Some of Bailey's decision was based on evaluations by two doctors, Linda Threats and Dean Beckloff, from the Pediatric Behavioral Center in Dallas. Both agreed that Baish’s behavior was abusive.

“There is a reason Judge Bailey ruled the way he did,” his ex-wife wrote in a Facebook message in early August. “He is a fair judge and looks at nothing but the children's wellbeing. There is a reason that Mr. Baish got 180 days in jail instead of the 15 days that Judge Bailey was going to give him. He was caught in multiple lies and perjured himself on the witness stand even after being told by the judge and his lawyer that he didn’t have to testify.”

Baish says he felt numb, outside of his body, and couldn’t accept the judge’s opinion, which he called “outrageous, twisted and fundamentally wrong.” He learned that his standard visitation had become supervised visitation, for which he is required to pay. He also has to attend, and shoulder the costs for, therapy related to the “psychological and emotional harm his children may suffer due to inappropriate gender identity coercion or emphasis.” His daughter must continue to attend play therapy that both parents pay for.

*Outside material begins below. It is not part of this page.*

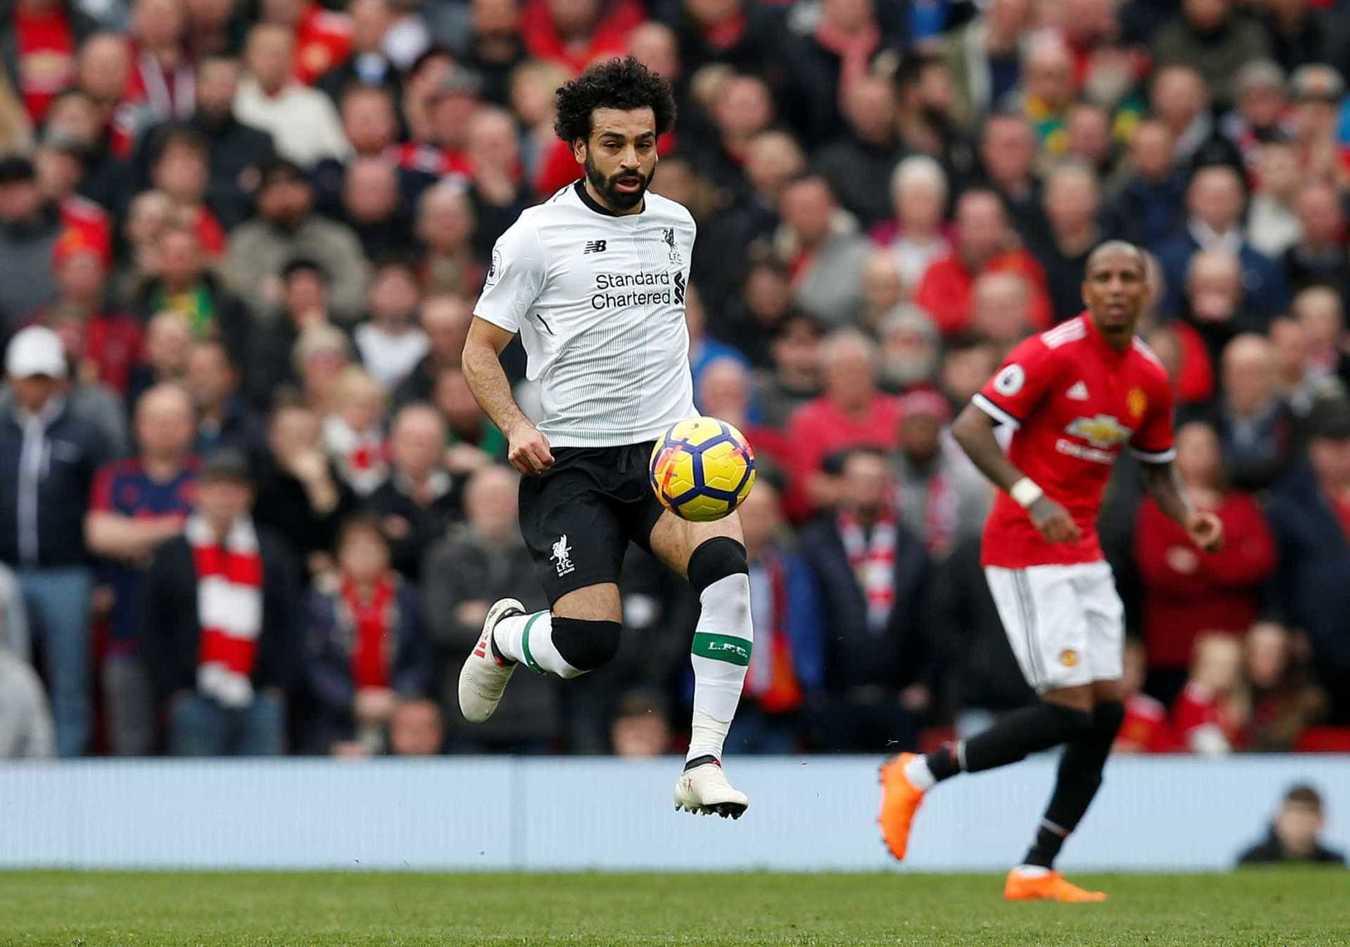 1º Mohammed Salah, Liverpol: 88,1 milhões de euros -> 162,8 milhões de euros

Baish must jump through several hoops if he wants his parental rights restored. The first phase requires 12 supervised visits and at least six counseling sessions. In the second phase, he will continue counseling but is allowed to have unsupervised visits with his children. The third phase begins when he’s completed eight unsupervised visits and at least 10 counseling sessions. Baish also must pay for a parenting facilitator, who will make sure the conditions are met, and attend a course on parenting and conflict resolution. He failed to attend the required course by a July 21 deadline, which factored into the contempt charge.

Baish harbors resentment for the judge. Despite his doubts, he still believes what he wrote on Facebook shortly before his arrest.

“All this has been done because I let her wear clothes she wanted to wear," he wrote. "Let Lily play with the toys she wanted to play with. Let her decide who she was and who she wanted to be.”